Con ancor più leggerezza, l’Unione Europea ha riaperto con l’Iran il dialogo sul suo programma nucleare, abbassando l’asticella delle garanzie e delle concessioni richieste. Il messaggio della diplomazia europea, più ancora di quella americana, è: “non vediamo l’ora di rimuovere le sanzioni”. Il pretesto, come era prevedibile da tempo, è il cambio del presidente a Teheran. Hassan Rohani esprime esattamente gli stessi concetti di Ahmadinejad. Considera Israele una “ferita da mendare”, invece che “un tumore da rimuovere”, usa termini più edulcorati sulla Shoah, ammettendone almeno l’esistenza storica, ma non scendendo mai sul terreno del numero delle sue vittime, né il suo scopo (per la storiografia iraniana resta, infatti, un “pretesto” per l’“occupazione” ebraica del Medio Oriente). Questo agli europei, a quanto pare, basta e avanza per considerare Rohani un “moderato” e rilanciare il dialogo su basi più flessibili. Tuttavia, anche nel negoziato sul nucleare iraniano, potrebbe essere la controparte a toglierci le castagne dal fuoco. Infatti pare che la trattativa abbia già raggiunto la sua fase di stallo, stando a fonti diplomatiche della Reuters.
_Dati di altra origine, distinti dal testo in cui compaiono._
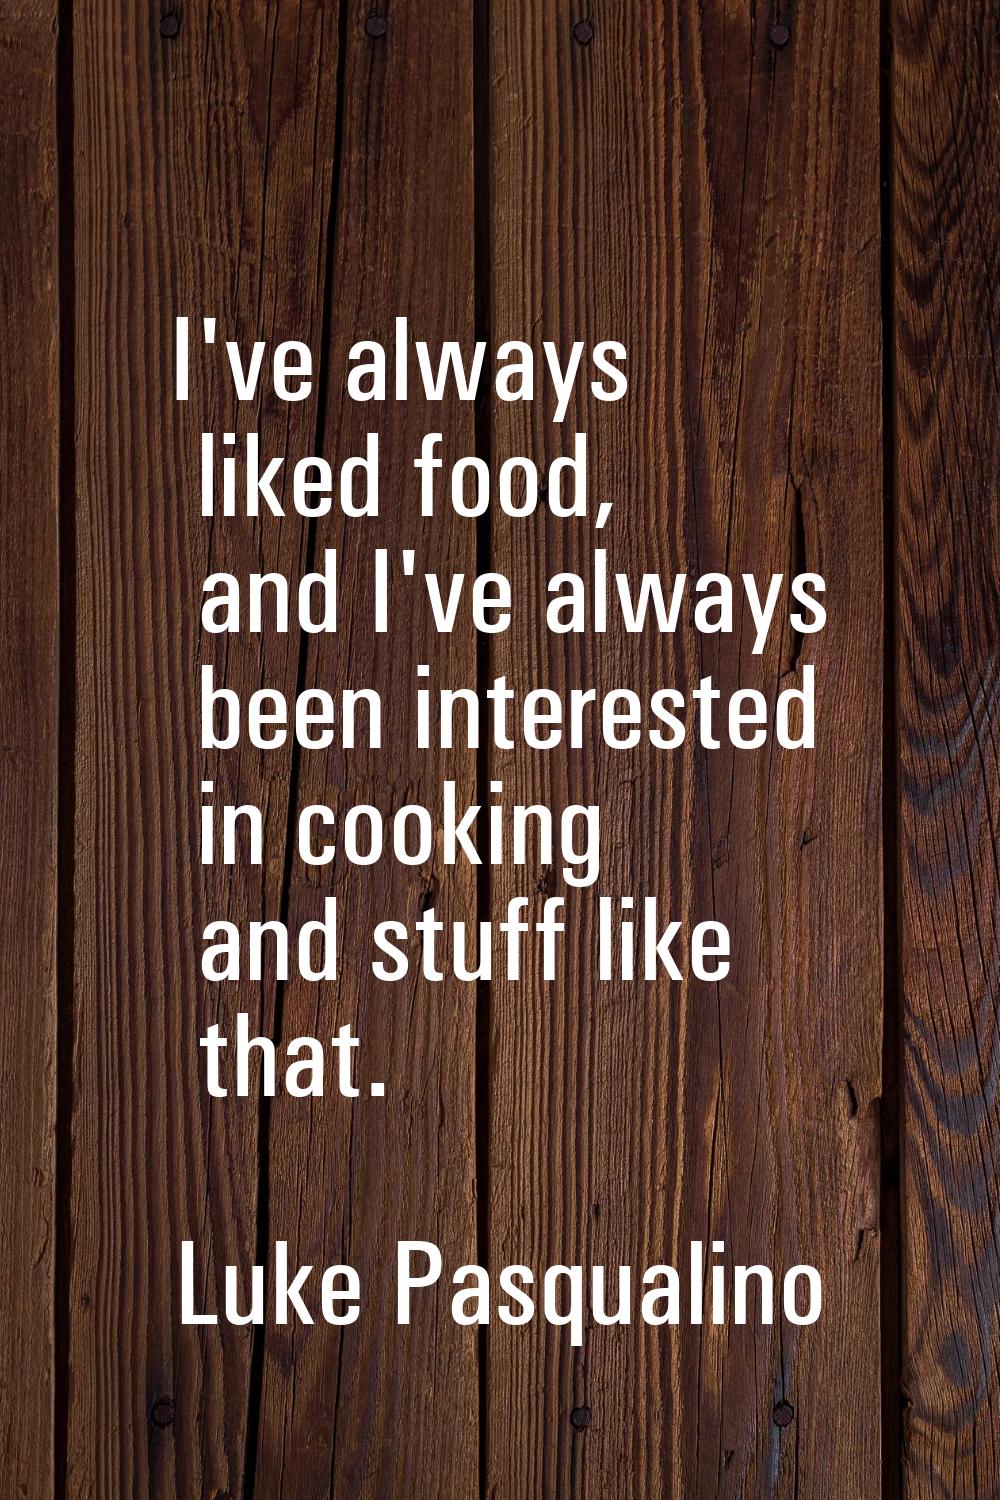 I've always liked food, and I've always been interested in cooking and stuff like that.
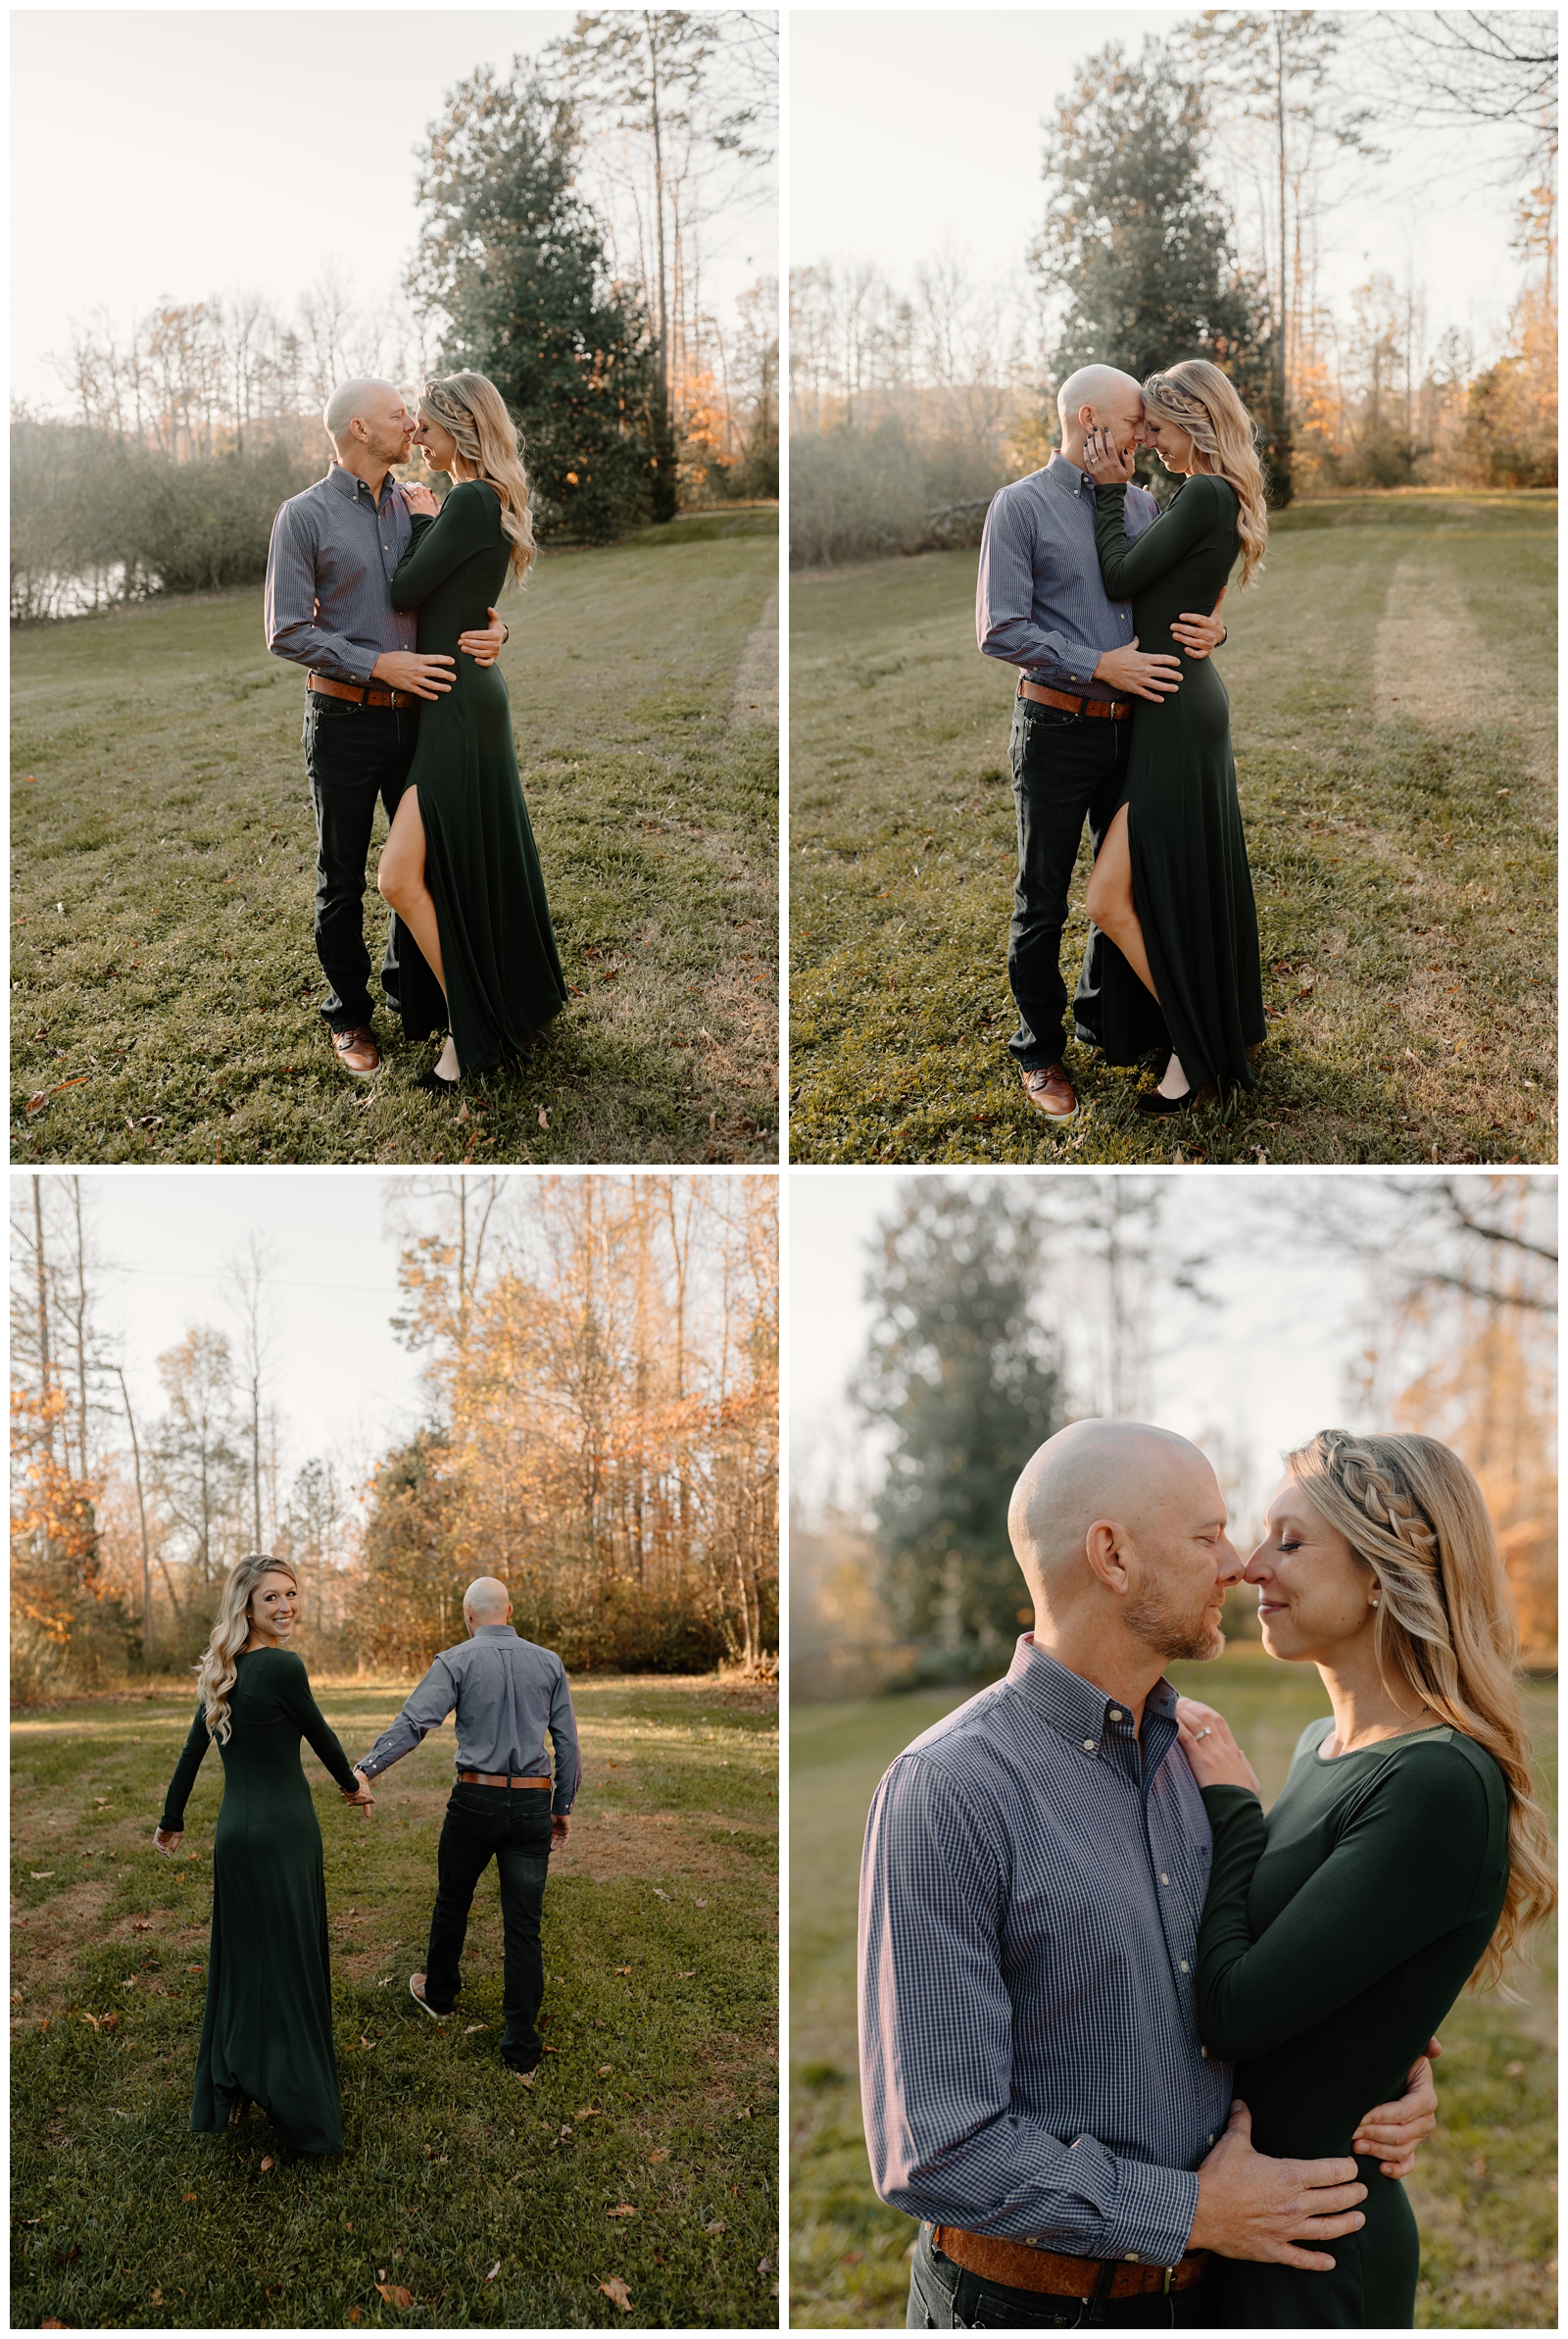 Romantic fall engagement session in Greensboro, NC by North Carolina photographer

Prima che iniziassero gli incontri di Ginevra, la Guida Suprema iraniana, l’ayatollah Alì Khamenei, aveva ripreso duramente il presidente Rohani e il ministro degli Esteri Zarif. «Noi (Zarif e Rohani, ndr) pensavamo che i colloqui (con John Kerry, segretario di Stato americano, ndr) e la telefonata (con Barack Obama) fossero entro i limiti del nostro mandato – avrebbe spiegato Zarif a una commissione del Majlis, il parlamento di Teheran, così come è stato riportato dal quotidiano iraniano Kahyan – ma la spiegazione che abbiamo ricevuto dalla Guida Suprema (Khamenei, ndr) è di critica. La conversazione telefonica del dottor Rohani con Obama è stata, a suo dire, un primo passo falso e la mia lunga conversazione con John Kerry è stata considerata come un altro passo falso nel nostro viaggio diplomatico». Anche in questo caso, come per l’Arabia Saudita, solo l’intransigenza della controparte islamica impedirebbe il vero passo falso commesso dall’Occidente. Un errore di leggerezza, che permetterebbe al totalitarismo islamico di conquistare una posizione dominante all’Onu (nel caso dei sauditi) e di acquisire lo status di potenza nucleare (nel caso dell’Iran). Di fronte a questi pericoli, il sonno delle democrazie occidentali è sempre più profondo.